Hezbollah Leader Says Israeli Plotted To Kill Lebanese Leader Hariri

Hezbollah leader Hassan Nasrallah gives broadcast speech from secret location.

ByABC News
August 10, 2010, 6:12 AM

JERUSALEM, Aug.10, 2010 -- Hezbollah's leader Hassan Nasrallah has provided evidence of what he claims was Israel's involvement in the 2005 killing of then Lebanese Prime Minister Rafik Hariri.

The controversial accusation unfolded during a two hour presentation beamed live Monday night from a secret location to a room of invited journalists in Beirut. Nasrallah's accusation against Israel comes as the U.N.'s investigation of the murder is winding down with promises of indictments against senior members of Hezbollah.

The most arresting element of Nasrallah's multi-media presentation was what he claimed were sequences of Israeli air force drone video apparently intercepted and decoded by Hezbollah over several years.

This included material which Nasrallah claimed showed that Israel had been conducting detailed aerial surveillance of Hariri's movements around Beirut in the time leading up to the massive car bomb which killed him and 20 others in February 2005.

"What I showed is not absolute proof," the Hezbollah leader admitted during the speech which was broadcast live throughout the Middle East. "But the door should be opened for such an assumption. For five years nobody, not the tribunal or anybody in Lebanon, made one step towards such a theory."

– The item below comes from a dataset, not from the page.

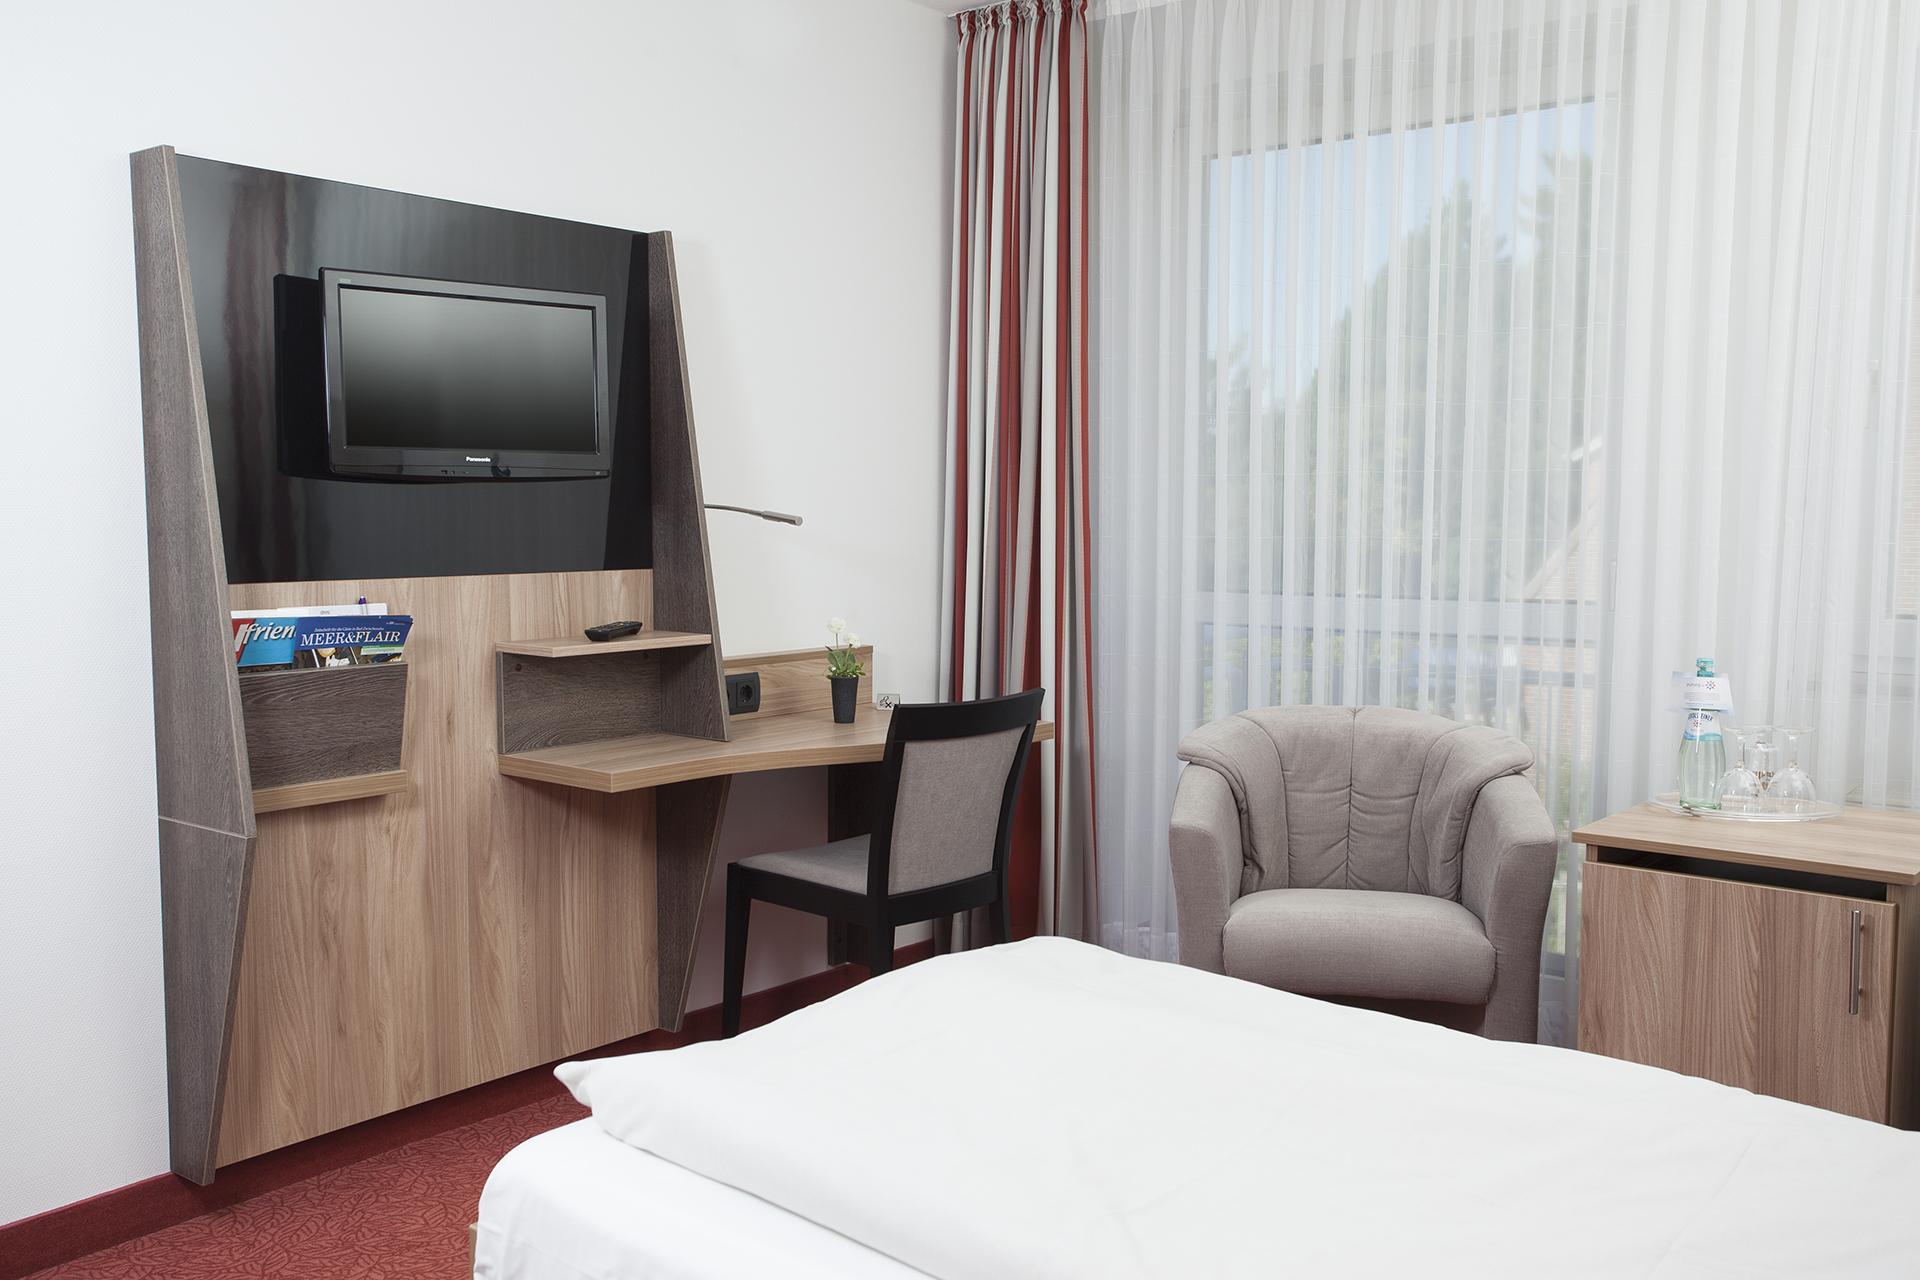 Berufsfotografin-Liesa-Flemming-Hotel-Kämper-04

The U.N. tribunal to which he referred is investigating the killing and in a surprising development has announced it will soon hand out several indictments against senior members of Hezbollah.

This has set Lebanese politics on edge and in previous statements Nasrallah lambasted the tribunal and said he would refuse to hand over his men for questioning.

In Israel there has been no official response to last night's speech and accusation. But some analysts have been quick to draw a connection between the forthcoming indictments and Nasrallah's attempt to implicate Israel in Hariri's assassination.

"Next month the U.N. investigation will probably say that Hassan Nasrallah is to blame for Rafiq Hariri's murder and obviously he wants to pre-empt that by pointing a finger at Israel," said Shlomi Eldar, Israeli Channel 10's Arab affairs specialist.

Hariri's killing led to a period of extreme tension in Lebanon. Syria was initially thought responsible and following massive popular demonstrations in Beirut President Assad withdrew his troops from the country.